Photons, Electron and Superposition

The main elementary particles of quantum mechanics are electron and photon

The quantum effects are manifested as:

  1. Phase of photon

  2. Energy level or spin direction of electron

 

Except for the initialization and the moment of reading, a qubit can be written as a superposition of 2 states. The 2 to the power of n do not correspond to information storage capacity. It is a state superposition capability that is then applied to treatments to highlight the combinations we search according to an algorithm given. 

 

Entanglement: It is possible to make copies of them, but without being able to read their contents or modify them independently. Wave-particle duality makes it possible to interact in some cases with the qubit or to make the qubit interact with each other by interference in the context of quantum algorithms. Quantum registers the collection of qubits. They store information and plot the superposition to simultaneously cohabitate larger numbers in the register.

 

Algorithm

  1. Search based on Deutsch-Jozsa, Simon, and Grover

  2. Seek a balance point of a complex system in the training of the neural network, search for an optimal path in networks, or process optimization

  3. Based on QFT like Shor’s integer Factorization, breaking public RSA-type security keys, and looking to protect digital communication with algorithms resistant to the fast factorization of integers

  4. Simulation interaction between atoms in various molecular structures, inorganic and organic.

 

After the measurement, the wave packet is reduced to one state imposing difficulties on the implementation plane of quantum algorithms, parallelization of intermediate computations.

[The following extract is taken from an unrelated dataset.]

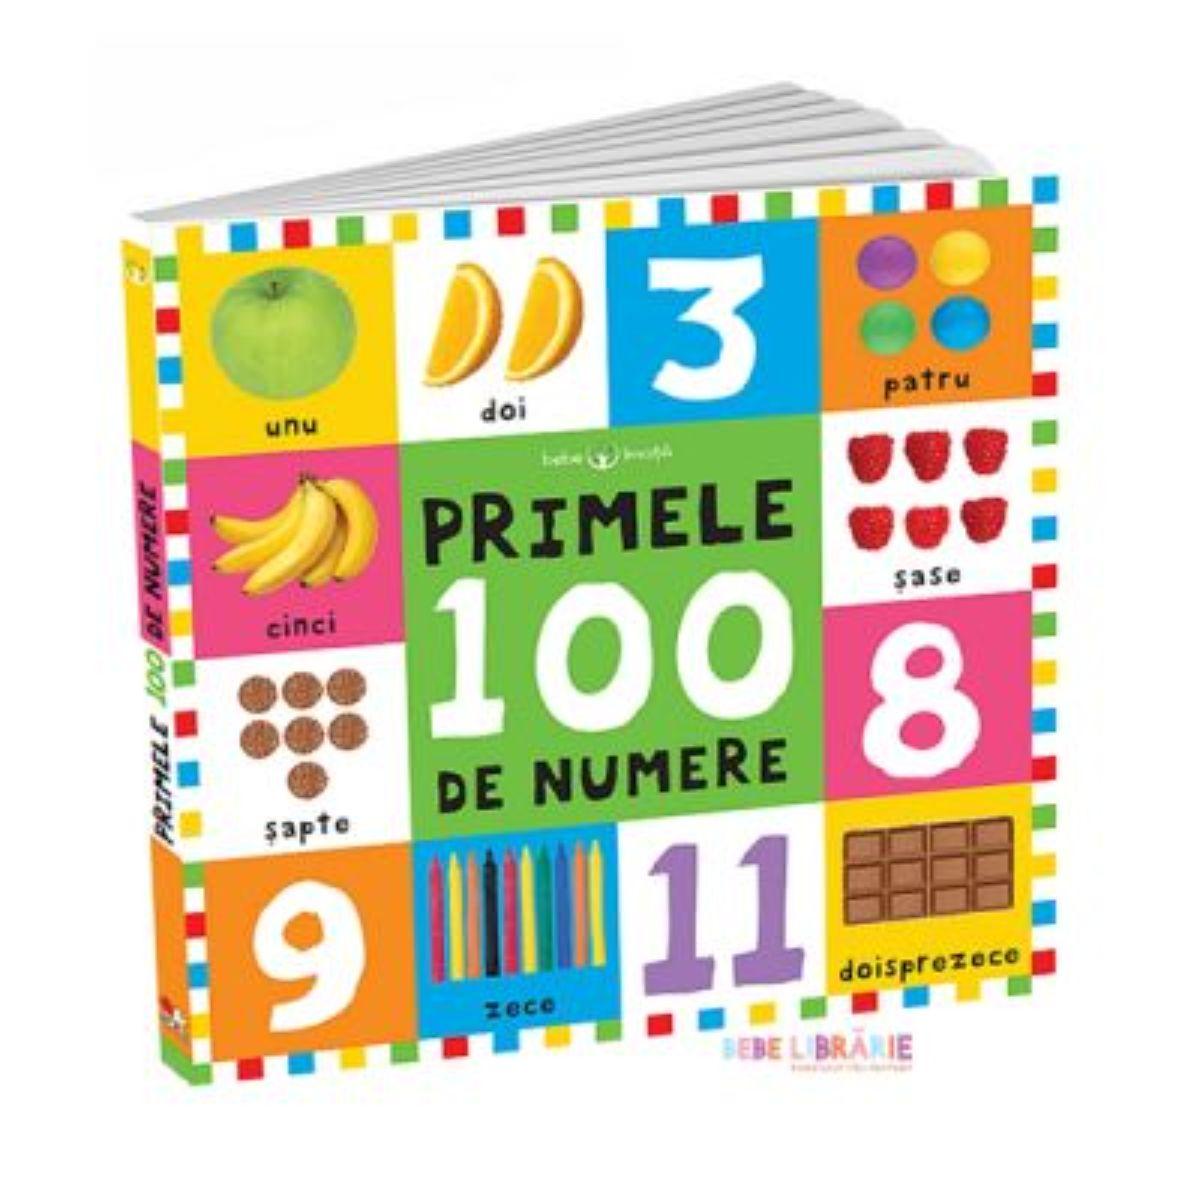 Bebe invata primele 100 de numere

To implement a classical algorithm on a quantum computer is to find the advantage of parallelization in the intermediate calculation and five only one result.

 

Machine learning: computer learn patterns in data


Quantum computing uses quantum-mechanical phenomena to perform computation


Quantum machine learning is the discipline of how quantum computers and other information processors can learn patterns in data that cannot be learned by the classical machine learning algorithm 


Reason:

  1. Quantum computer may generate a strange and counter-intuitive pattern, it may allow us to understand the weird features of nature itself 

  2. A large amount of classical algorithms for finding patterns is based on the linear algebra of high-dimensional vectors of data, which suits quantum mechanics


Quantum Machine Learning without going digital

There is excellent and promising research found that quantum machine learning can be trained in analog quantum systems, without going digital. As far as the author is concerned, most of the quantum machine learning models are based on digital and the data will be stored and processed in bits and logic gates. The new approach implements fully analog that uses a quantum system's natural quantum dynamics as a tool to learn complex functions and recognize data patterns.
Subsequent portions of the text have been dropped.